Young Men Who Have Sex with Men (YMSM) Online Survey Period: January 2019 – July 2019 Donor(s): Tides Foundation, Youth Lead Partner(s): Myanmar Youth Stars There is an HIV crisis among young men who have sex with men (YMSM) in ASEAN, with some of the highest reported rates in Yangon and Mandalay in Myanmar. Men who have sex with men (MSM) make up 13% of all HIV cases in Myanmar, and the percentage is increasing each year. However, there is insufficient data on sexual behaviors of YMSM aged 15-24 years at regional, national, and sub-national levels, and this hampers the design of HIV prevention activities that are suited to the specific behavioral characteristics of YMSM. Traditional offline approaches to accessing YMSM networks for research purposes have been hampered by stigma.
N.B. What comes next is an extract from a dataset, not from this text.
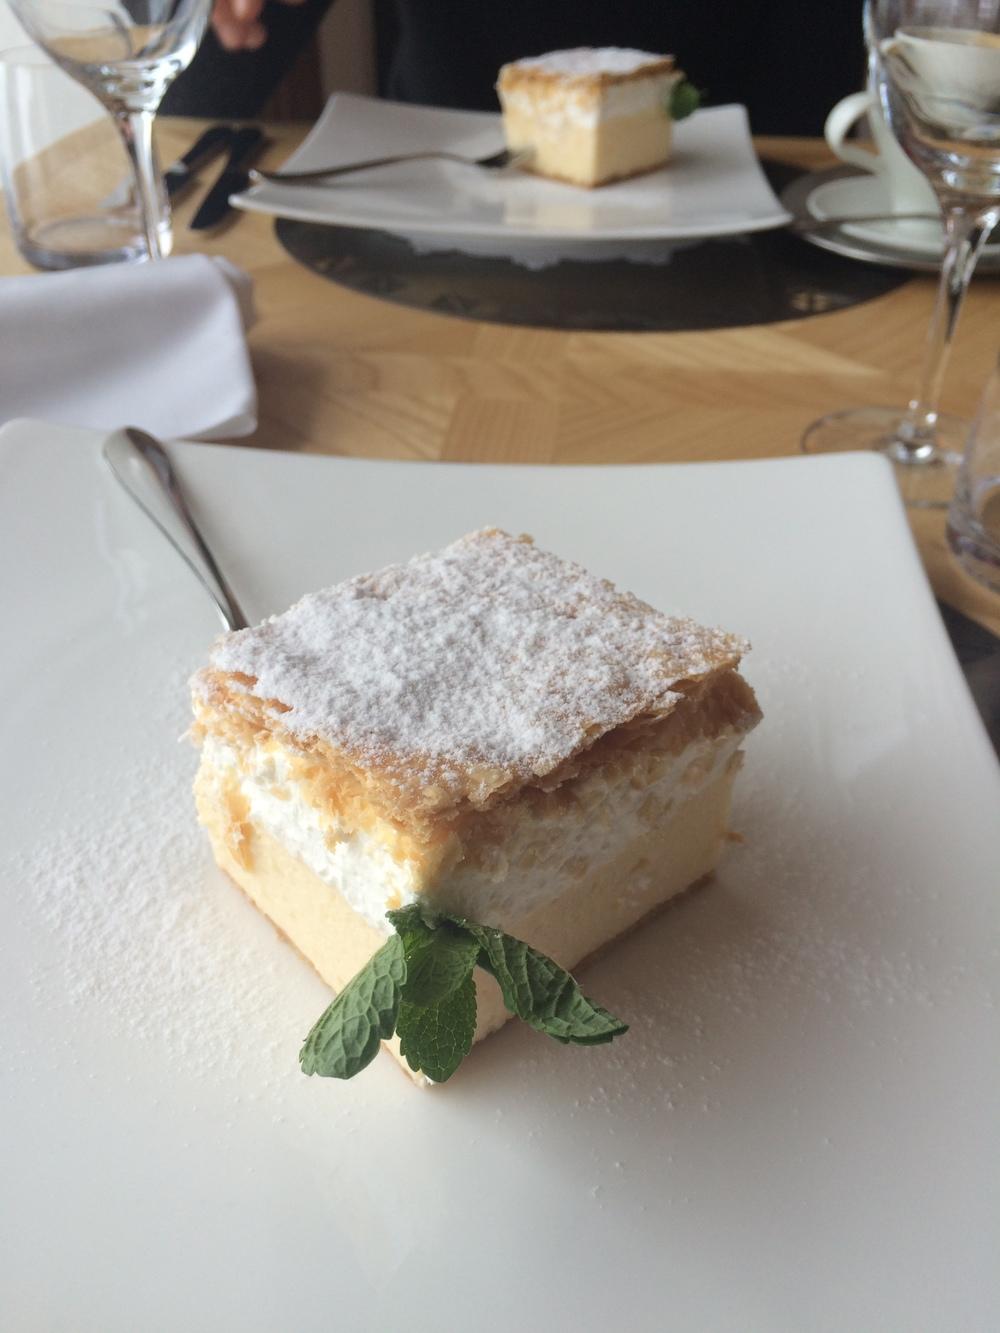 Original Bled Cream Cake at the Lake Bled Restaurant.

Information on syndemic conditions (e.g., homophobia, bullying, and resilience) of HIV risk behaviors, which have been shown to facilitate HIV vulnerability among MSM, have not been described for YMSM. Because of perceived anonymity and the emergence of safe online spaces, the internet has become a key platform for facilitating sexual networking among MSM. The internet provides a unique opportunity to engage with YMSM in Myanmar and gather epidemiological behavioral data. The goal of this survey is to generate Myanmar-specific epidemiological and behavioral data on YMSM through online channels. This data can be used to inform the design of innovative prevention and intervention strategies, as well as to advocate for evidence-based public policies. YMSM will be recruited to participate in the survey via websites, MSM-specific mobile apps, and other social media apps. The specific objectives of the survey are:
To characterize HIV risk behaviors and the HIV care cascade among YMSM who use the internet and reside in Myanmar.
To examine the association of syndemic conditions on HIV risk behaviors and HIV care cascade among young MSM.
To adapt the Asia Internet MSM Sex Survey (AIMSS) and pilot test it among YMSM aged 15-24 years in Myanmar.